▶ [Exercise materials]
+ + + +
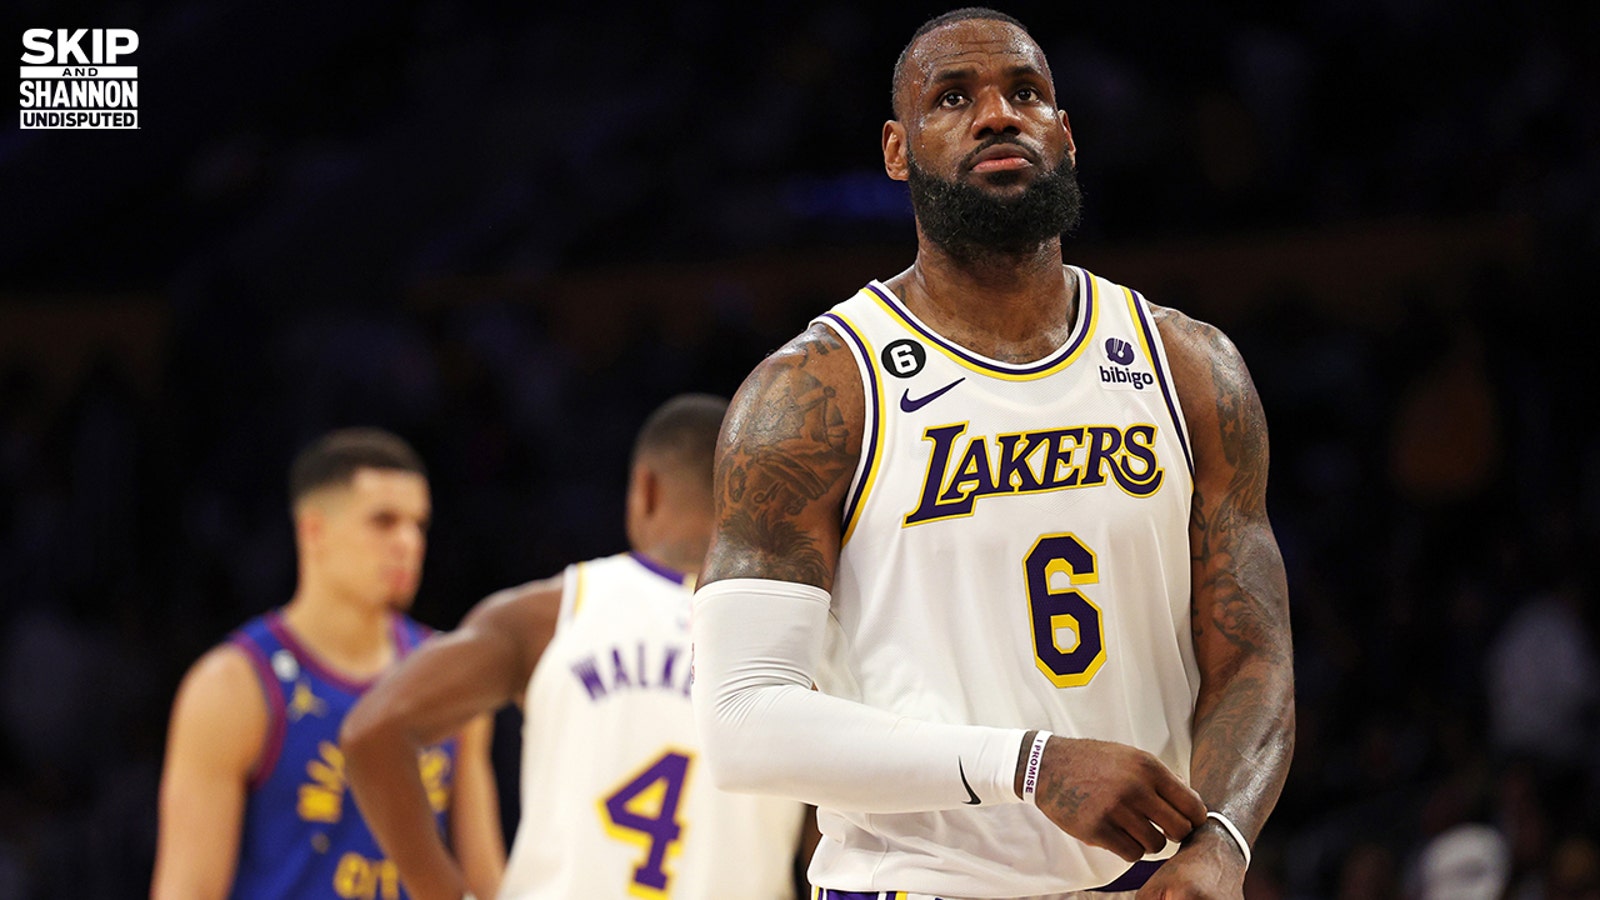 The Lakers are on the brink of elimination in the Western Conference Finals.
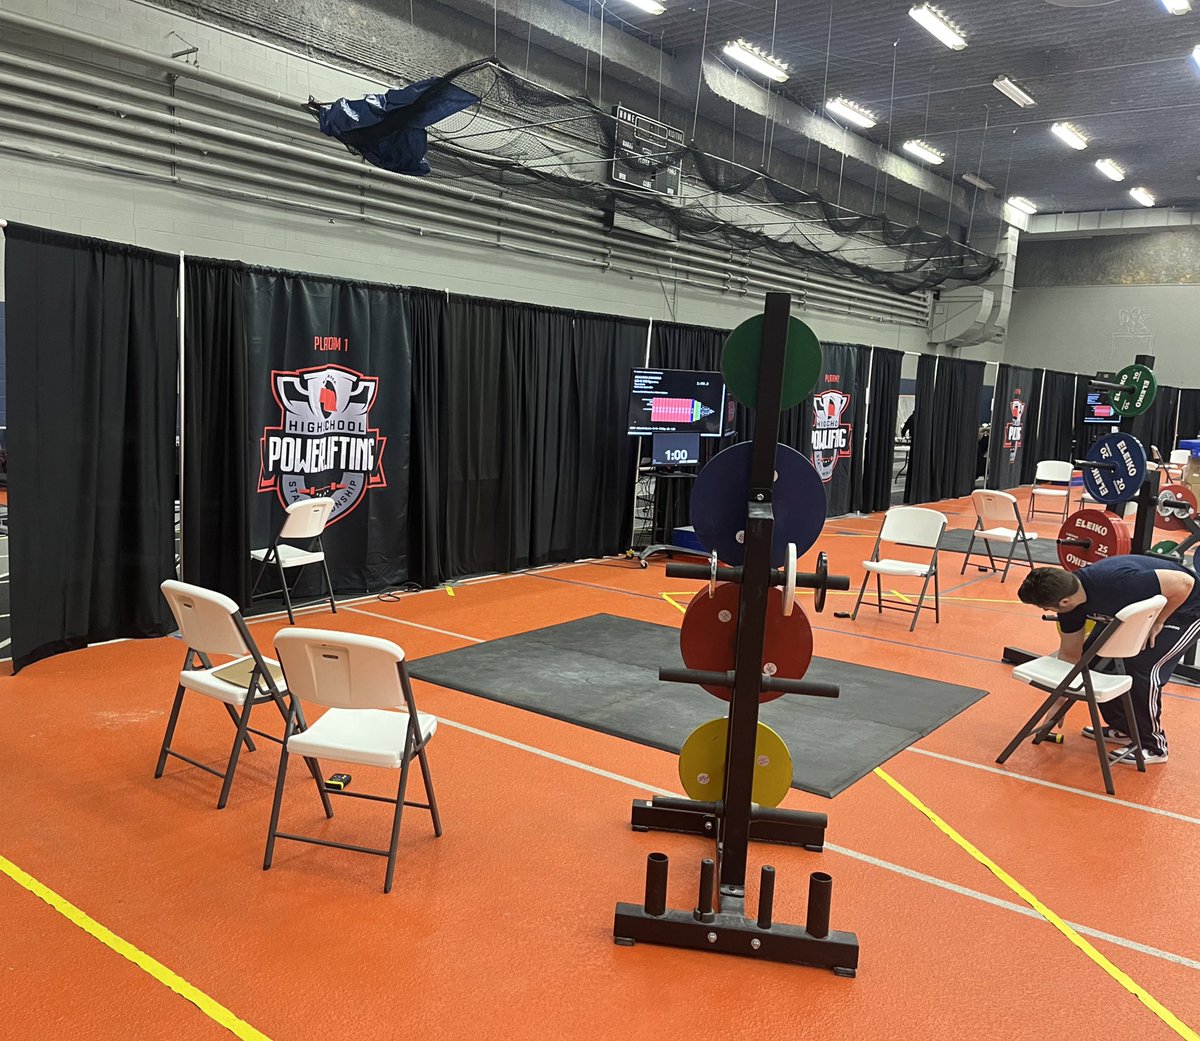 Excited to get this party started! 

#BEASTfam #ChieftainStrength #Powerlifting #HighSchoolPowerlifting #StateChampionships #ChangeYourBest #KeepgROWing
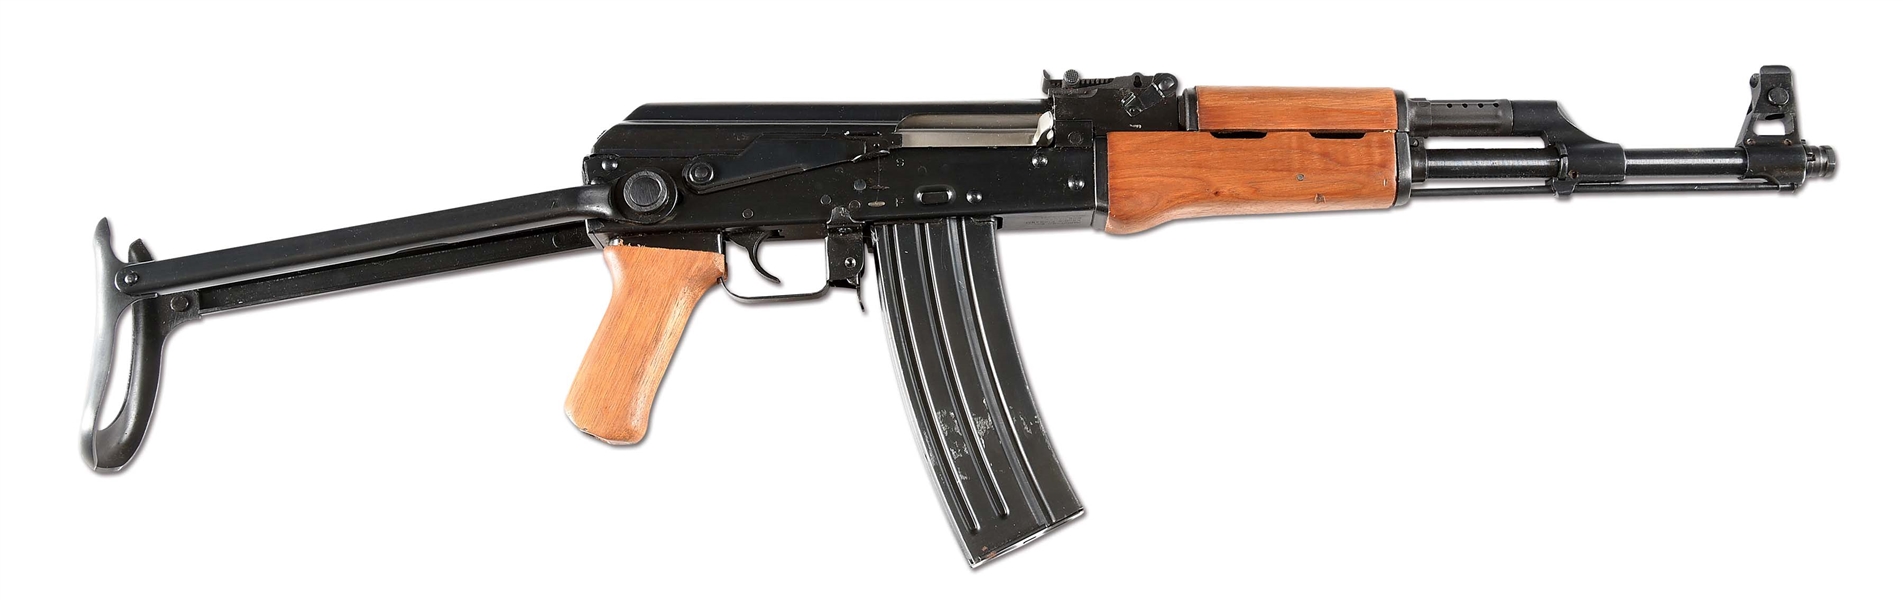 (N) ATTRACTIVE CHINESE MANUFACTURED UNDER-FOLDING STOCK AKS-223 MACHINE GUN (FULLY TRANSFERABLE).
+ + + +
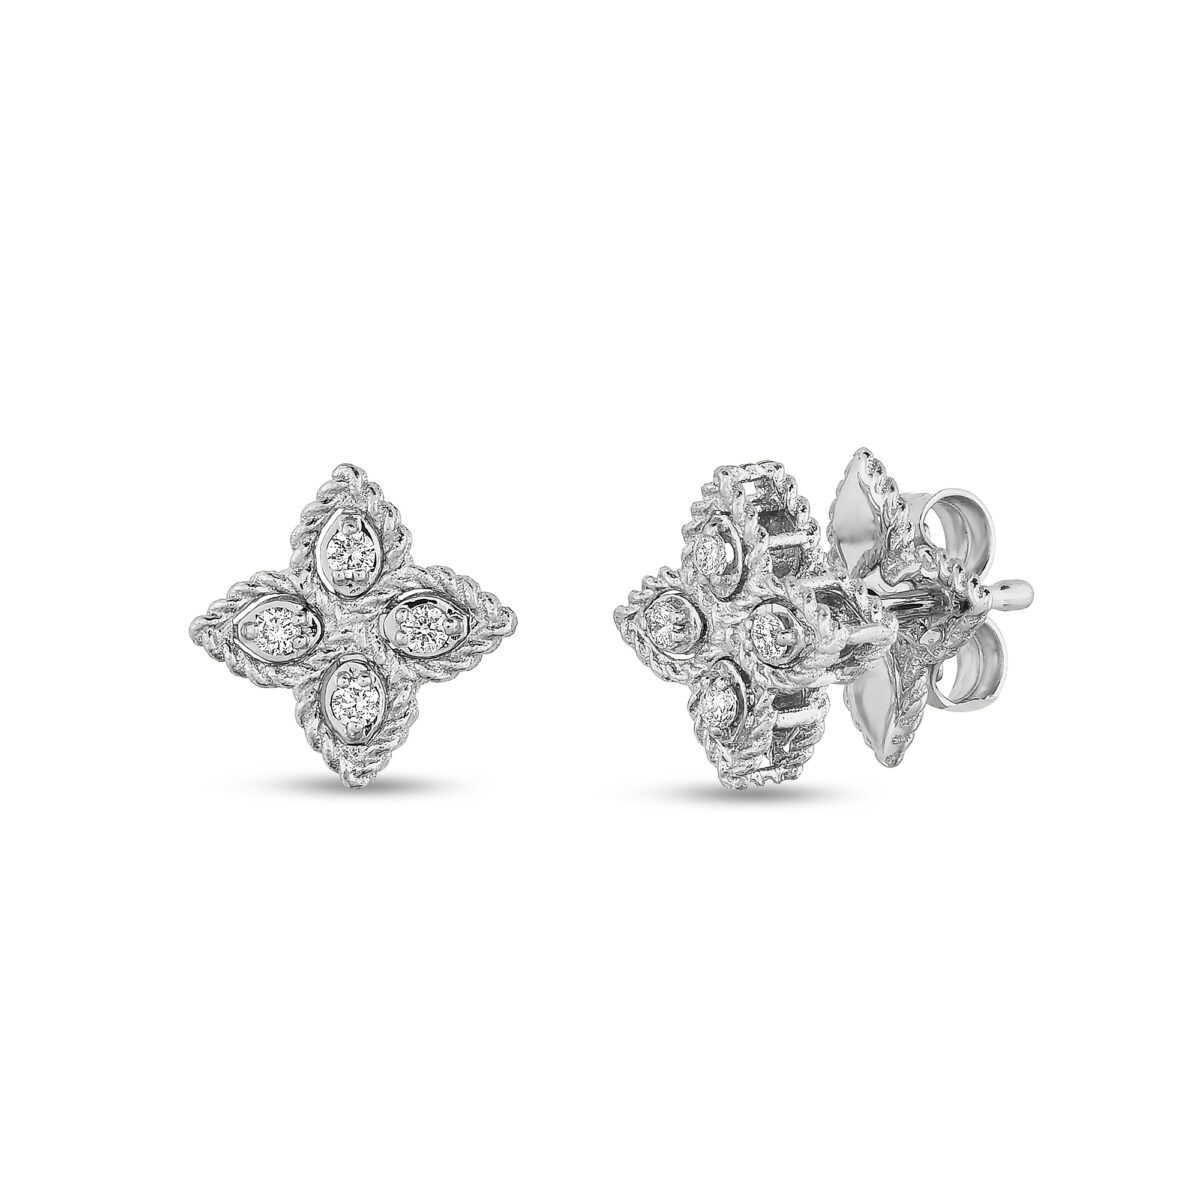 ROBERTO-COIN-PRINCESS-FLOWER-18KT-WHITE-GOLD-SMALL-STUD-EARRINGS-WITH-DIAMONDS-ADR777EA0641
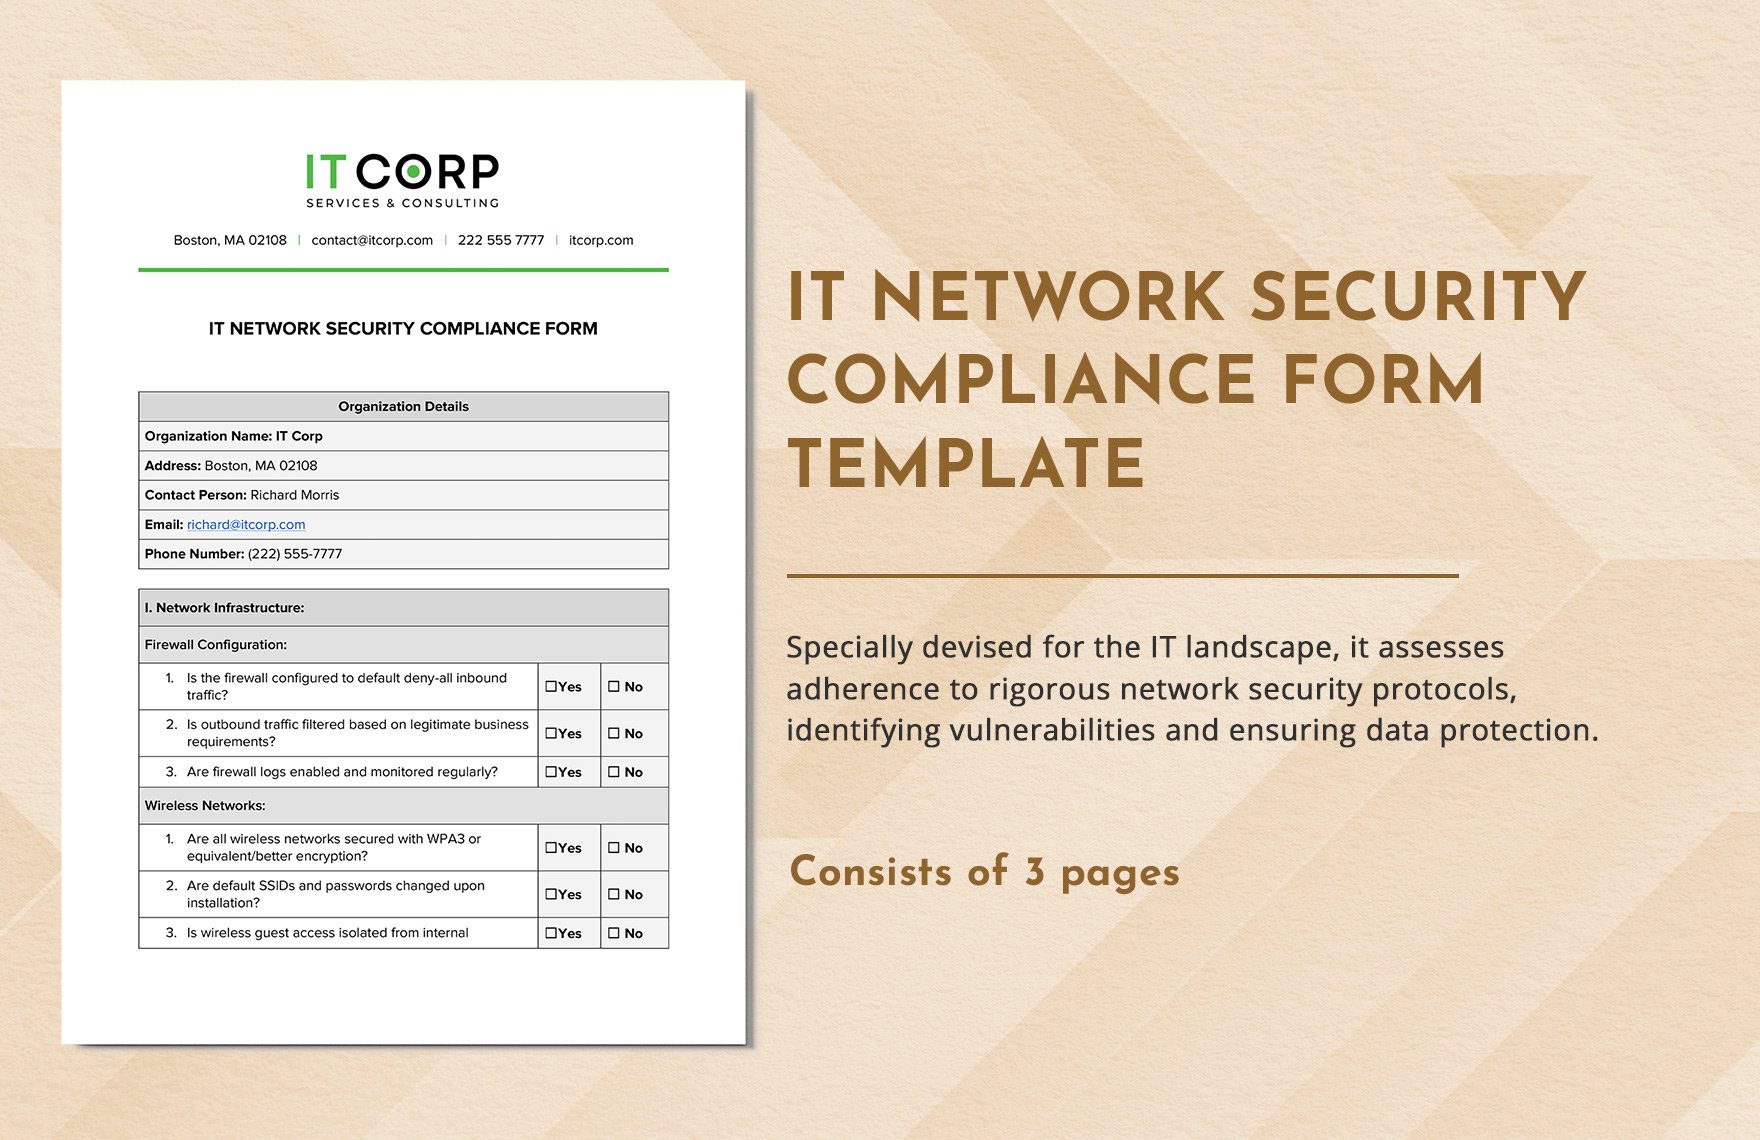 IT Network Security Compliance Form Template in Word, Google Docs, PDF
+ + + +
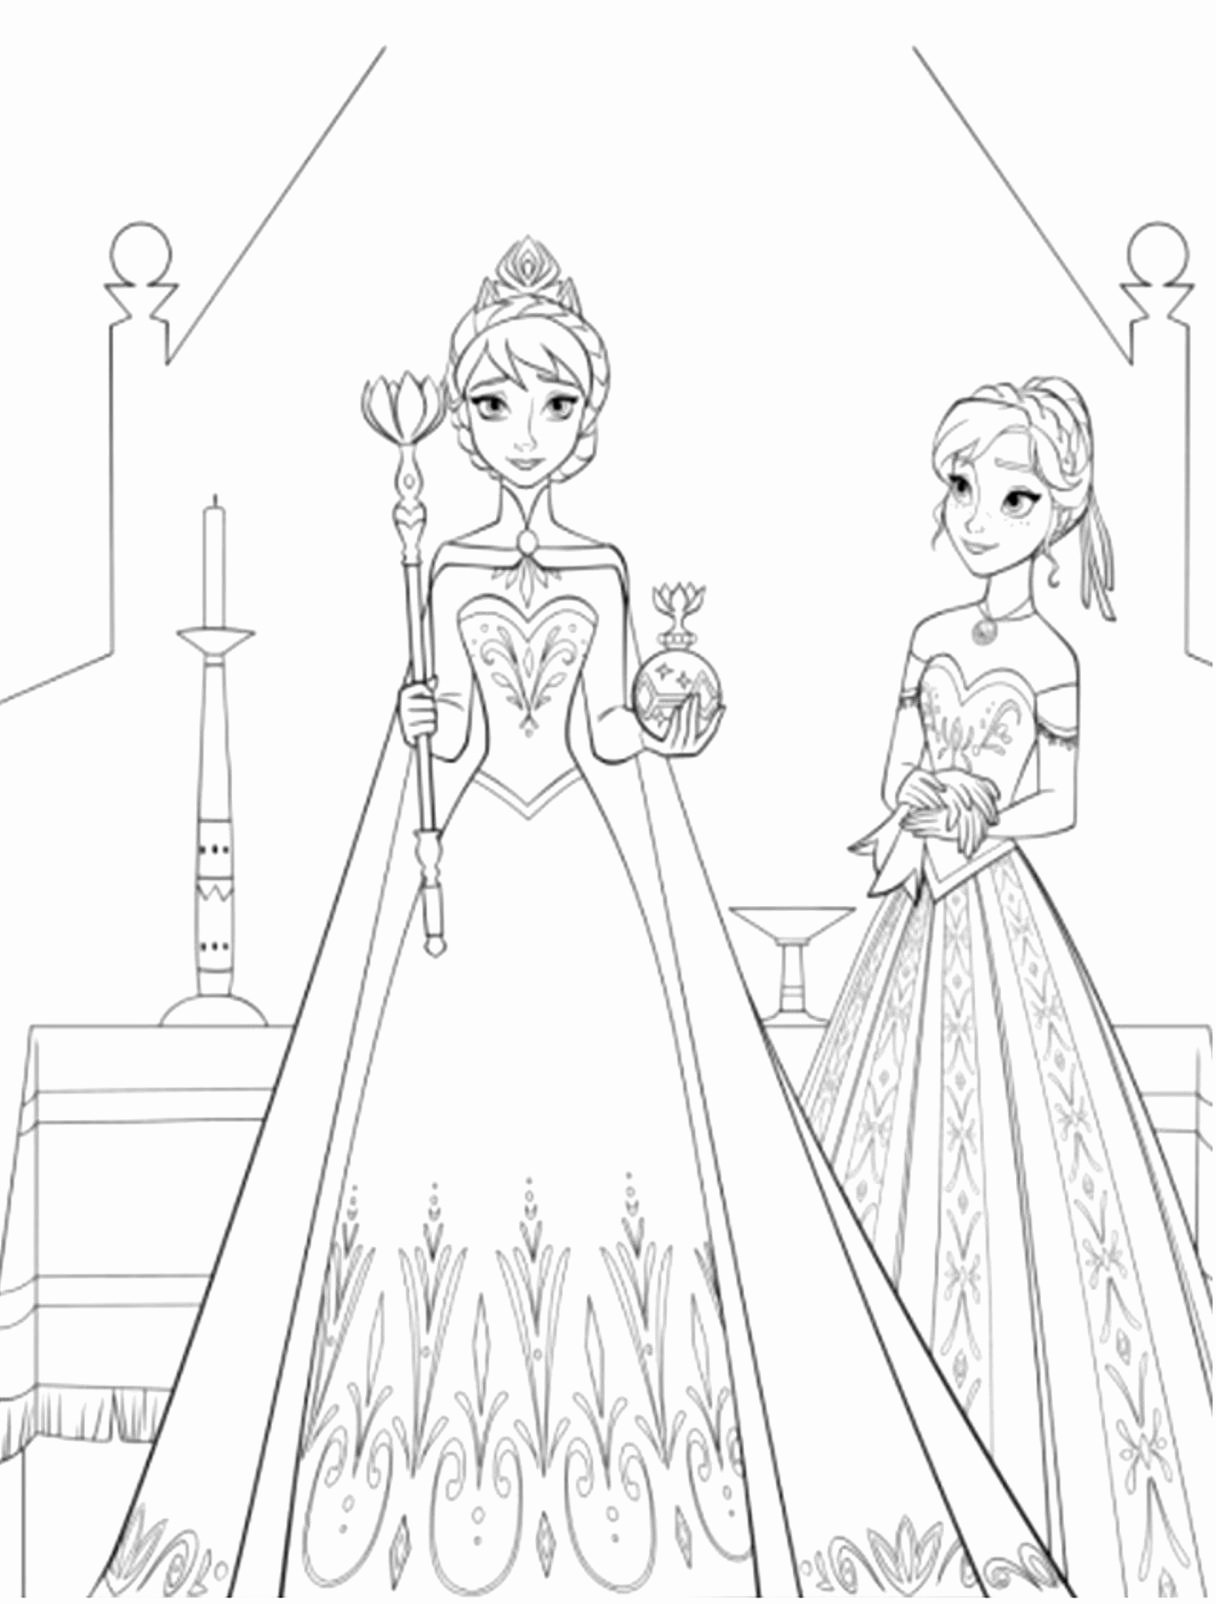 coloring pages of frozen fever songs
+ + + +
▶ [Exercise prompt]
Repeat only the stretch of data above that runs from the line with "Excited to get this party started!" to the line with "(N) ATTRACTIVE CHINESE". Keep both end lines; exclude pictures.

▶ [Answer for the task]
 Excited to get this party started! 

#BEASTfam #ChieftainStrength #Powerlifting #HighSchoolPowerlifting #StateChampionships #ChangeYourBest #KeepgROWing
 (N) ATTRACTIVE CHINESE MANUFACTURED UNDER-FOLDING STOCK AKS-223 MACHINE GUN (FULLY TRANSFERABLE).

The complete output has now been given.